A REPLY TO A MORMON (4)

This morning, I received a death threat from my younger brother who has been recently employed by the Church of Jesus Christ of Latter-day Saints office at Aba. I had asked him to ask the girl he claimed to marry (his wife by habitation, I wasn’t at their marriage ceremony so I wouldn’t know how much of what they have is a marriage) to inquire where she got the white towel she used. He claimed that he bought the white towel from School Road, Aba that is close to New Market (ahia ohuru) where second hand clothes and materials are bought in 2014. He was asked to buy a towel from the marriage list he was given and incidentally the white towel, which I identified as mine was the one he bought. I wonder if he bought a second hand towel for his would-be wife. I told you that Mr Simeon Nnah (now Elder Simeon Nnah, what he’s called as he serves his LDS Church mission at Aba) took custody of my personal belongings since 2011. I had sent him the key to my storage from Aba (NIPOST Umungasi) via EMS. That cost my mother about N6,000. Now, I’ve had to wait over six (6) years to know what he got out of the storage and where it’s located.

A REPLY TO A MORMON (3) I also saw a book that looked like a book I bought from a health store in Quincy, Massachusetts. I bought books all over Boston but mostly from Amazon. I was tempted to buy the book again from an Ohafia man who sold books at Aba Town Hall, Aba. But since I was anticipating my own copy from Mr Simeon Nnah I decided to wait. The LDS Church facilitated my first visit to the USA, it was a volunteer missionary service that lasted 18 months in Salt Lake City, Utah and Houston, Texas. I returned to Nigeria late June, 2007 only to return to the USA early September, 2007. I meet the Nnahs for the first time in October 2007 through a colleague (a Mr Peter Obijiaku) of Mrs Mabel Nnah’s who worked with Lemuel Shattuck Hospital, Boston. Mr. Obijiaku and I were at UMass Boston to secure student identity card. I inquired if he was Nigerian and he said yes and our acquaintance began from there. I asked him if he had any idea where I could get safe accommodation in Boston and he suggested that I met with Mrs Nnah, whose husband was Ngwa (like me) and Mormon/LDS. That saw the beginning of a relationship that has on and off spanned a decade (close to it this 2017).

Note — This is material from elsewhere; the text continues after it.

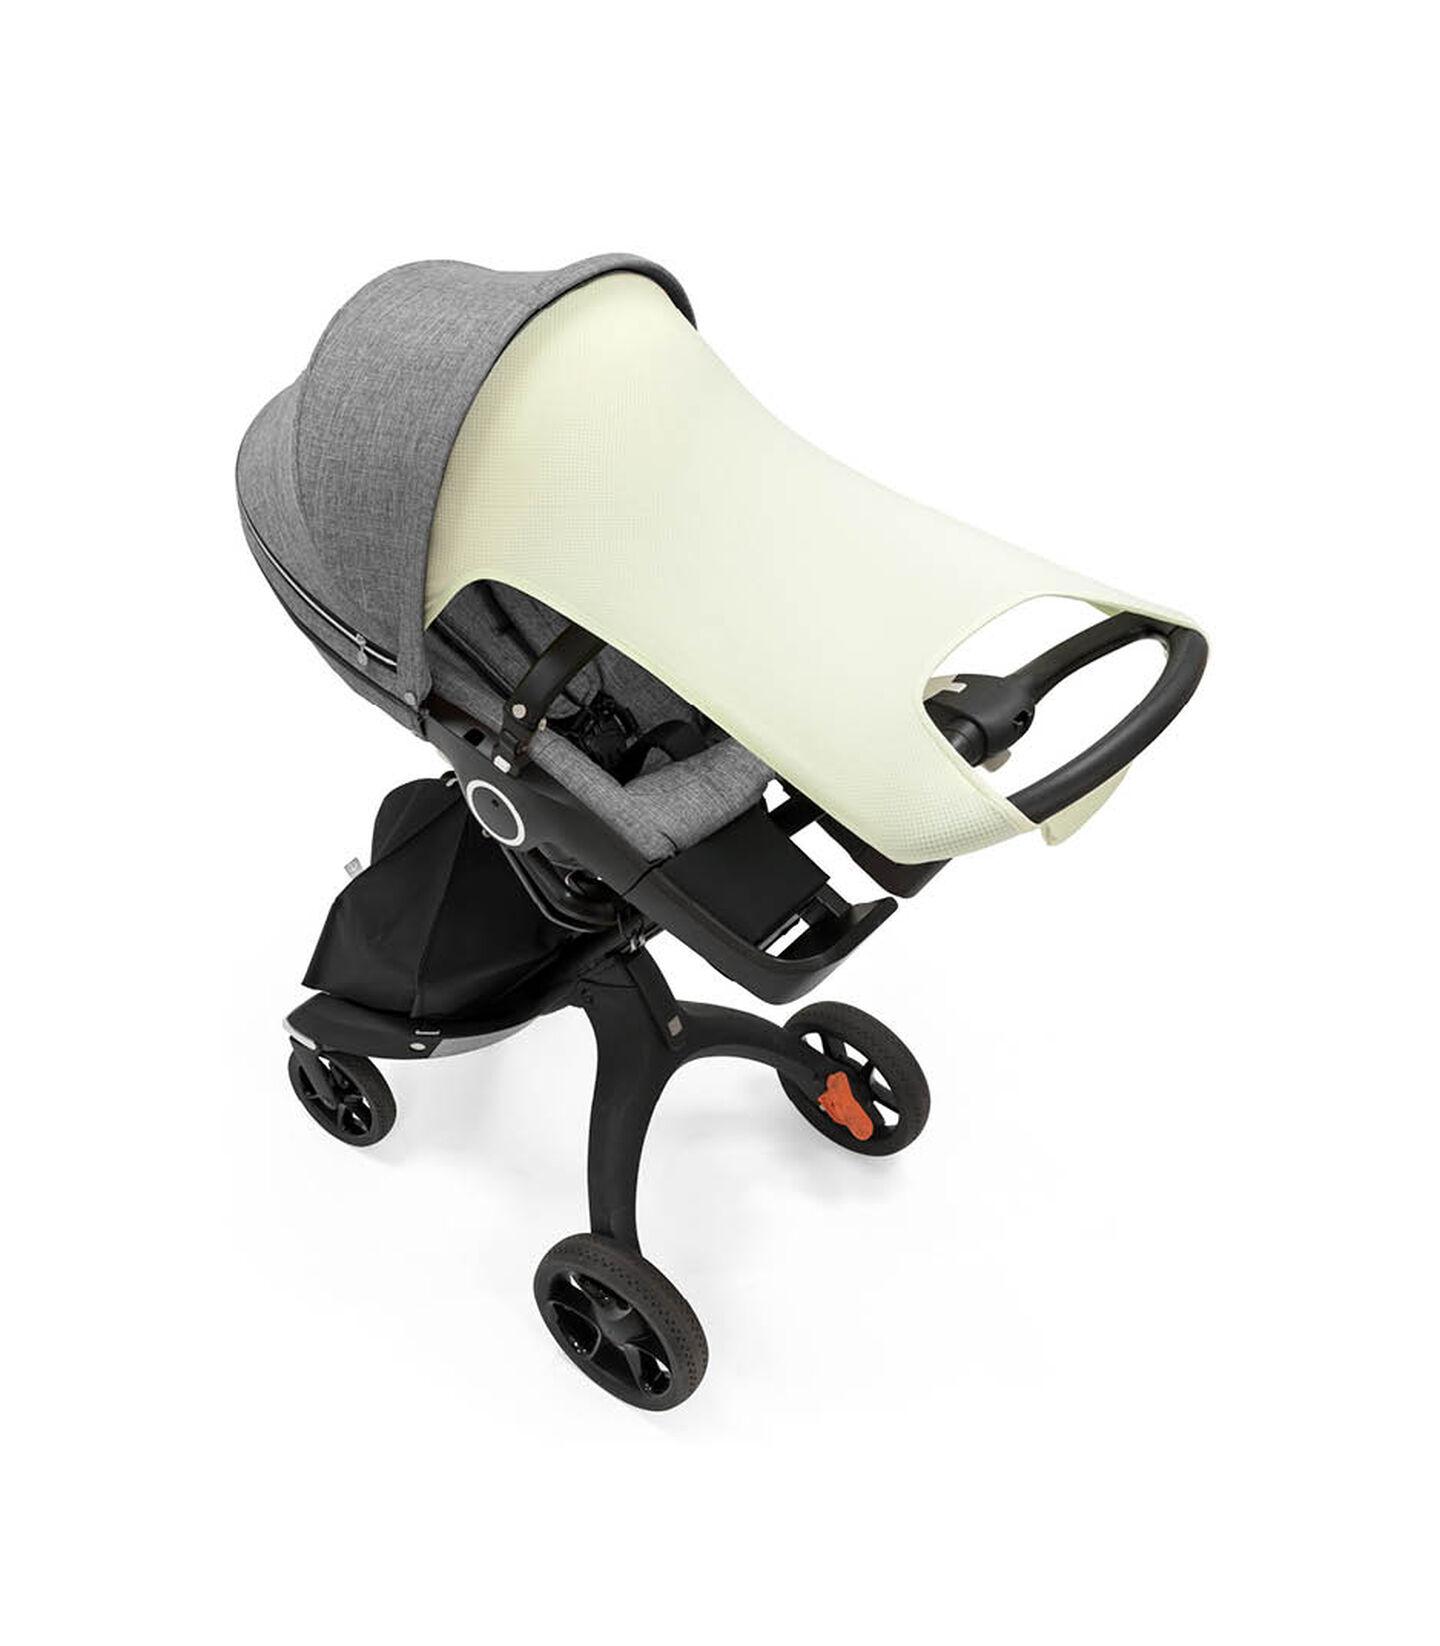 Stokke® Stroller Sun Shade Light Pistachio, Pistachio, mainview

Living with the Nnahs although shortly facilitated my education in providing room and board. However, Needham proved to be the home of the rich/wealthy and not for self-starters like I and by no means did I want to rely on this stranger family to provide my means. I secured a student loan (from Texas) and eventually moved out of Needham. I moved out of Mr Simeon Nnah’s house the same day I returned from a 3 day bus ride between Dallas and Boston. Three days and two nights on the road because it was just after Thanksgiving flights were expensive. I moved out of Needham on December 5, 2007. Mr. Nnah and his wife weren’t home but their youngest son was home preparing to serve a mission. He asked me to meet with James and I took my luggage. I didn’t have a car and walking to commuter rail station was tedious. My lectures at UMass for the graduate certificate course in Women in Politics & Public Policy I first took were in the evenings (6.00 to 8.30pm). If I was to continue with school, moving out of Needham was inevitable. So, I moved out in order to regularize my immigration papers and work.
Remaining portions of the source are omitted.